**** Provided data

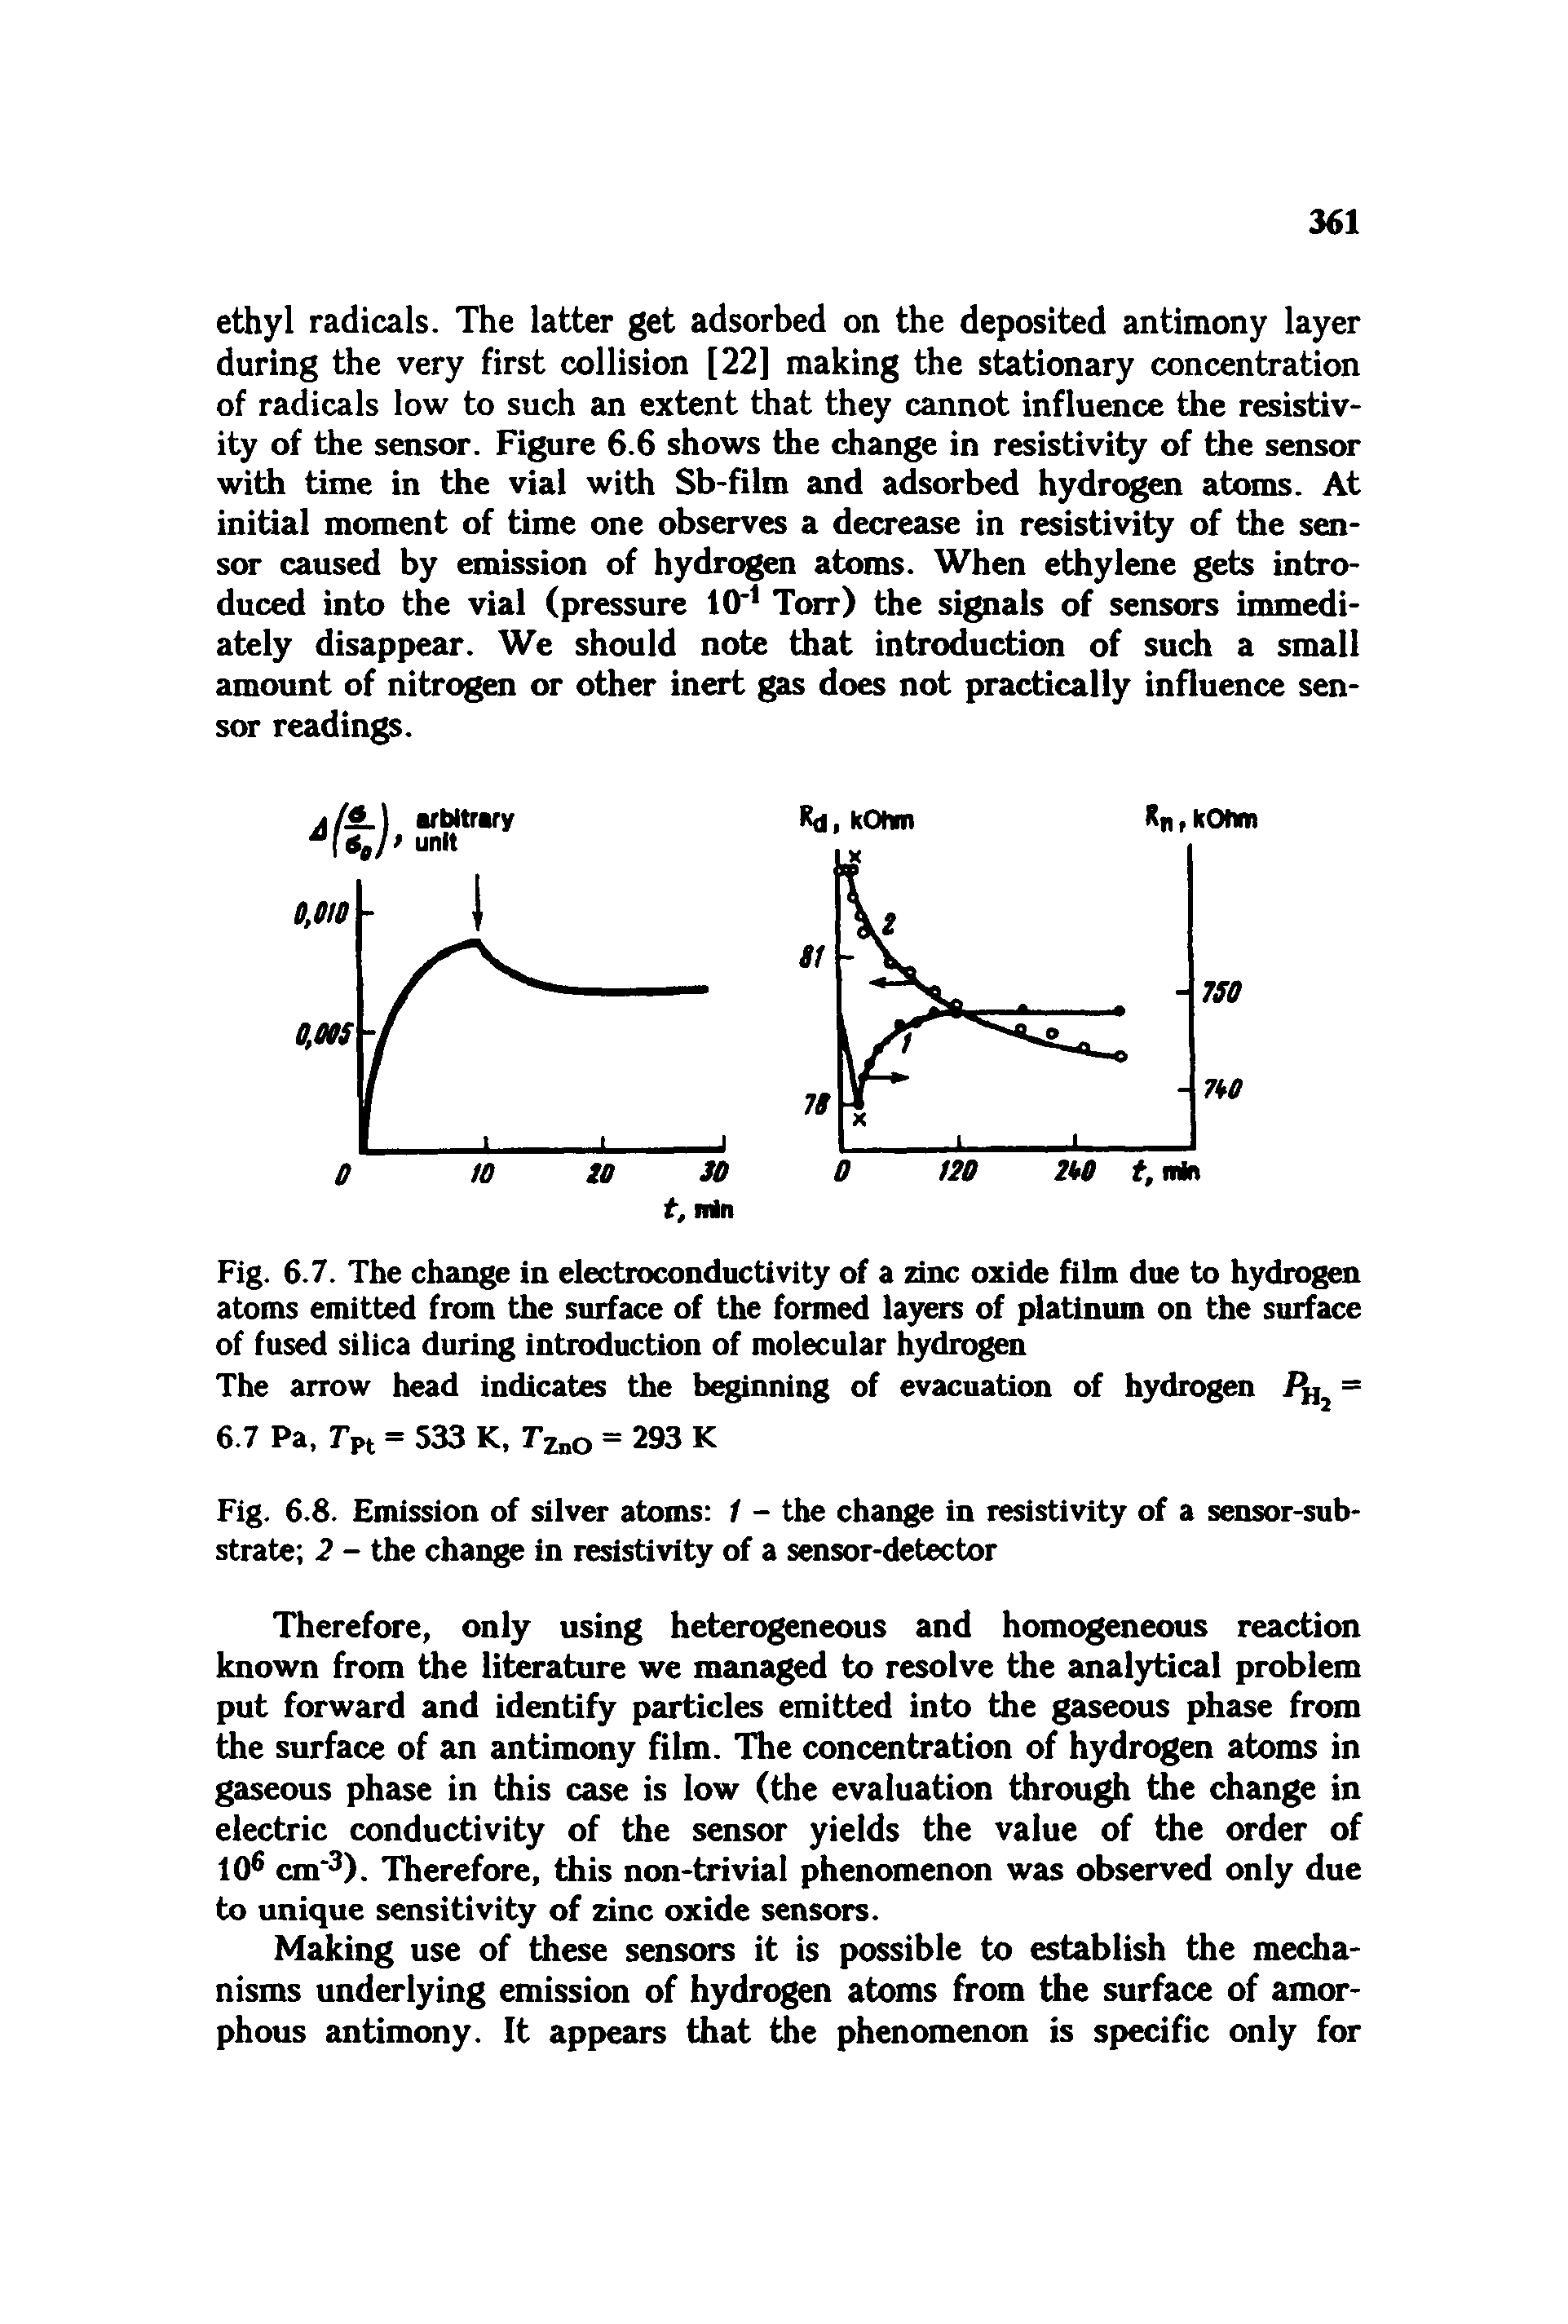 Fig. 6.7. The change in electroconductivity of a zinc oxide film due to hydrogen atoms emitted from the surface of the formed layers of platinum on the surface of fused silica during introduction of molecular hydrogen The arrow head indicates the beginning of evacuation of hydrogen...
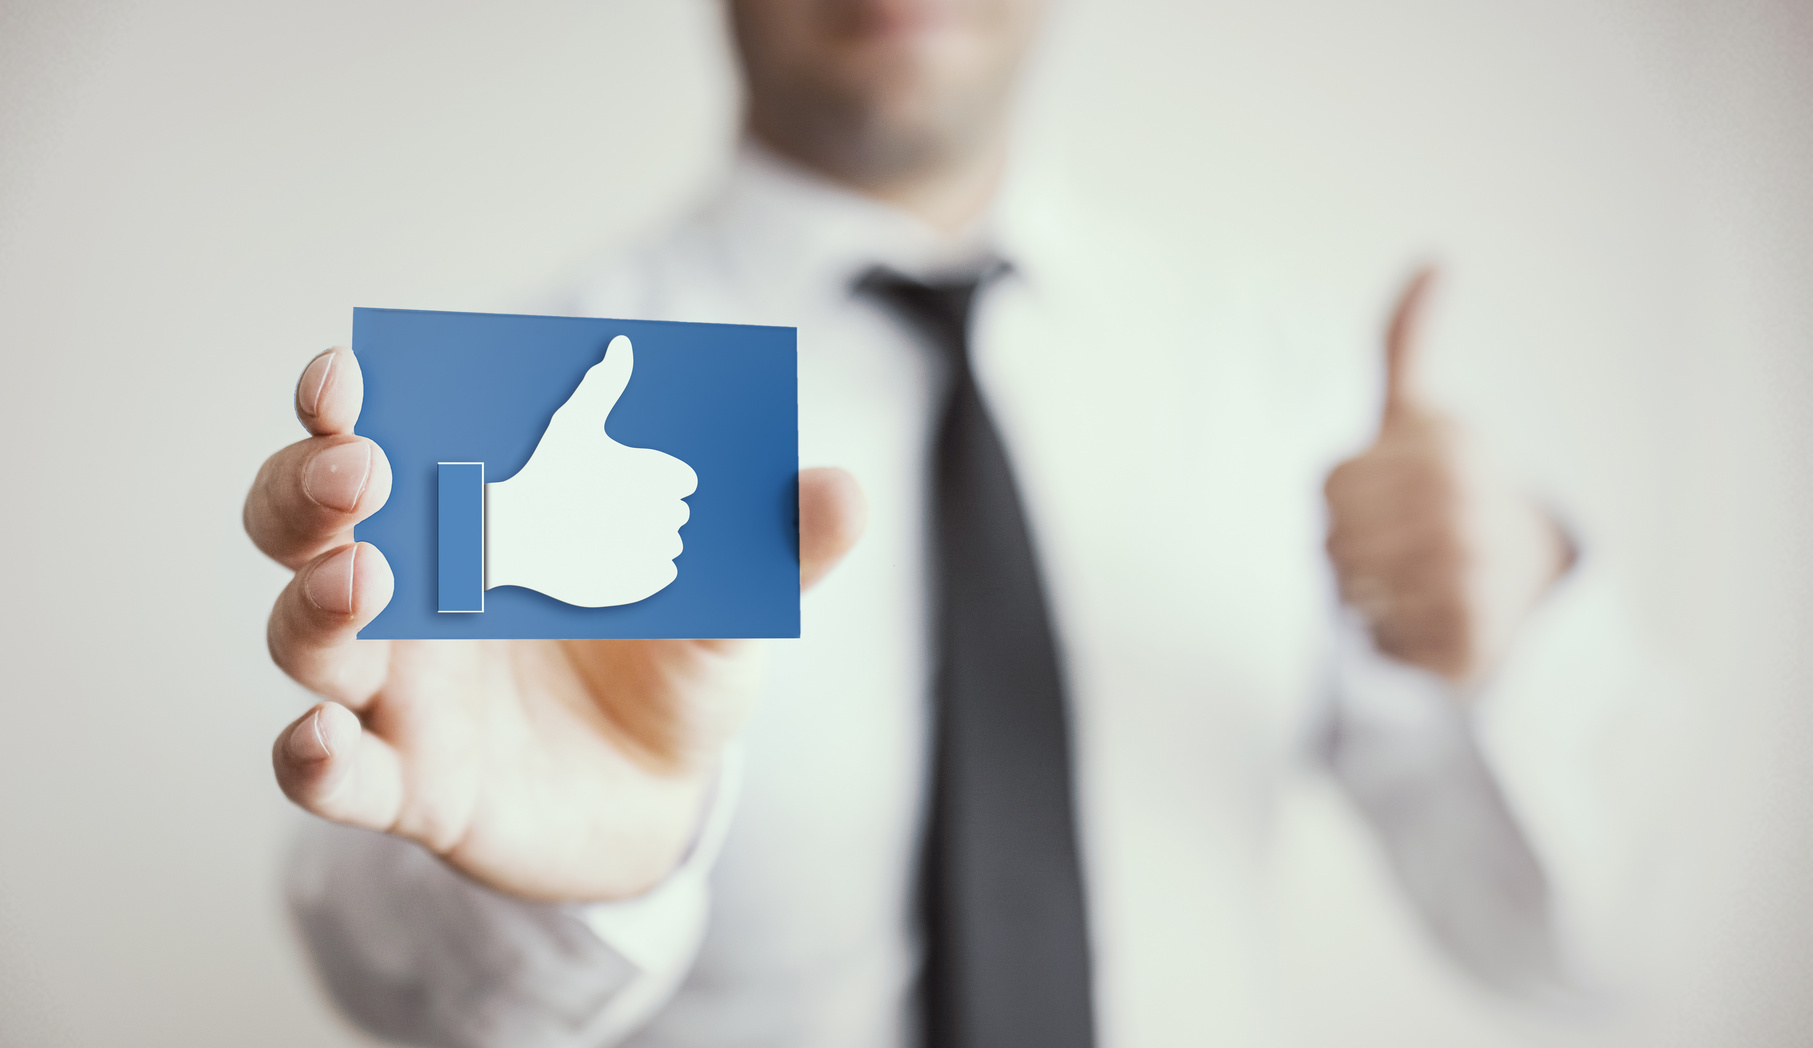 Facebook marketing content people crave
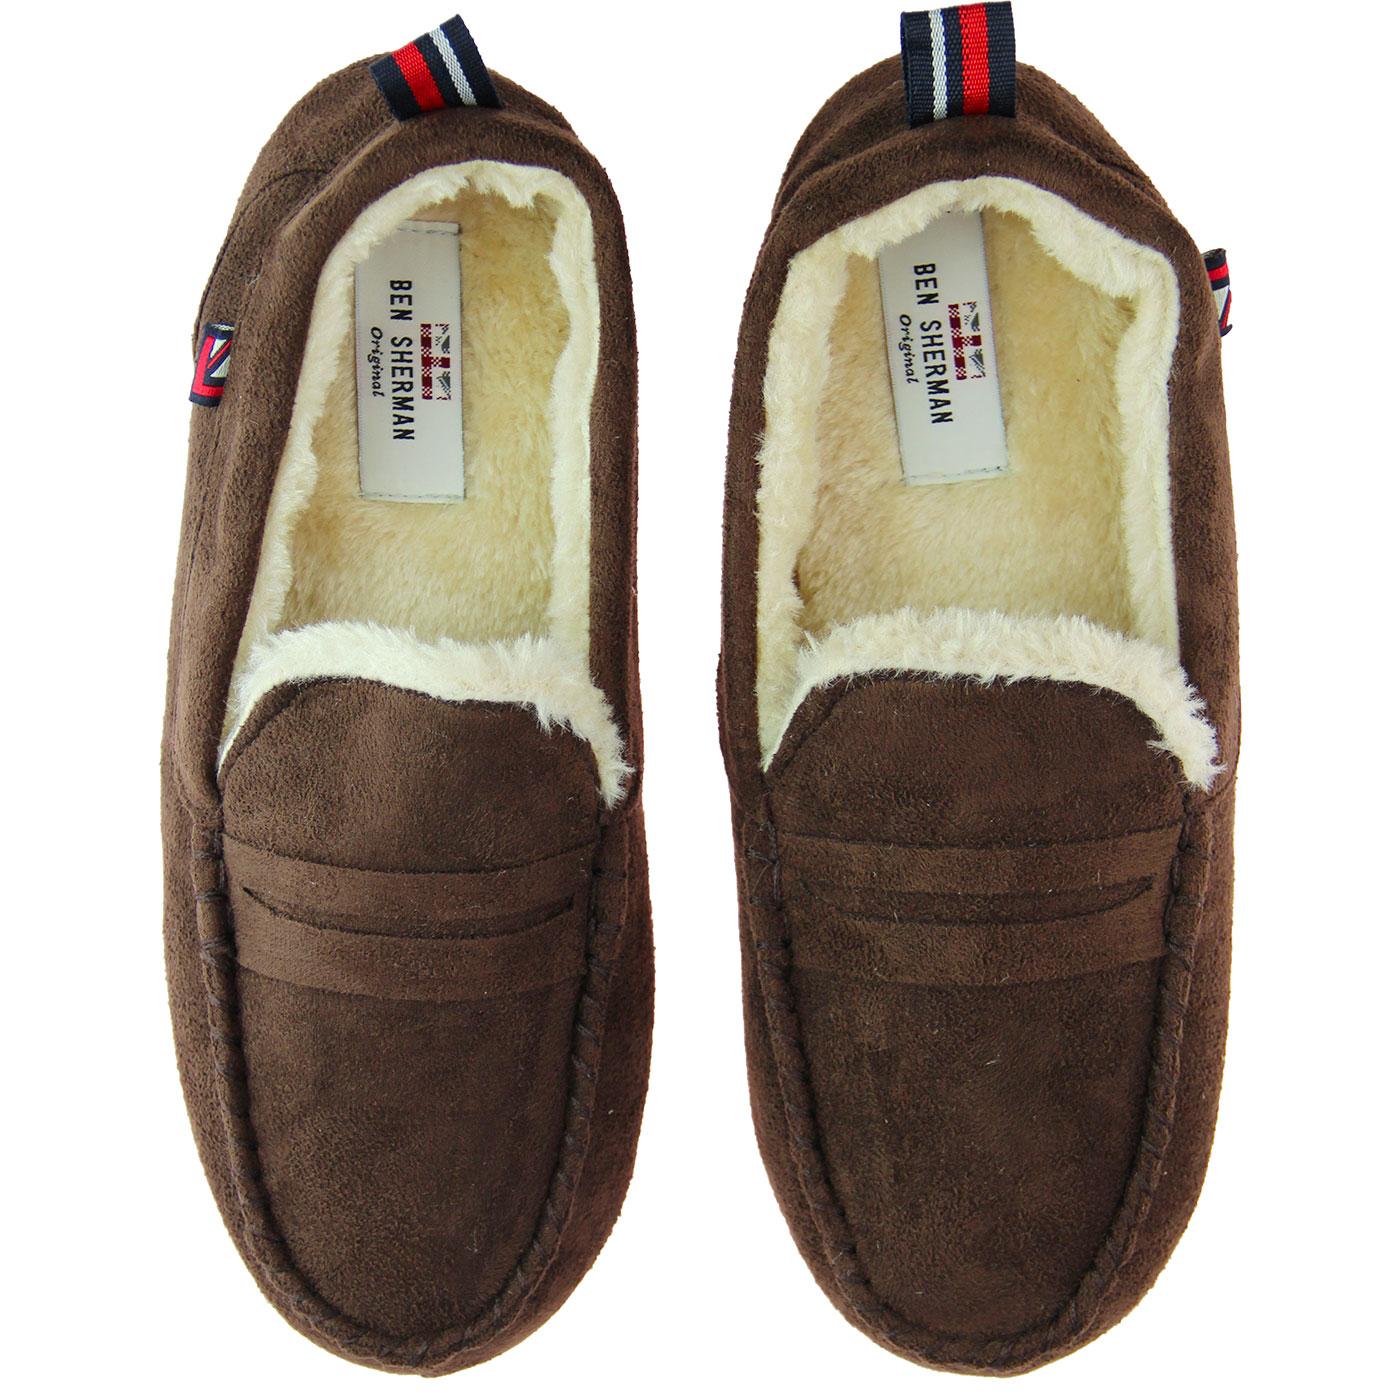 Four Seasons Mod Moccasin Slippers Brown

********

Problem to solve: Set down the whole listing word for word, omitting the pictures.

Task response:
 Fig. 6.7. The change in electroconductivity of a zinc oxide film due to hydrogen atoms emitted from the surface of the formed layers of platinum on the surface of fused silica during introduction of molecular hydrogen The arrow head indicates the beginning of evacuation of hydrogen...
 Facebook marketing content people crave
 Four Seasons Mod Moccasin Slippers Brown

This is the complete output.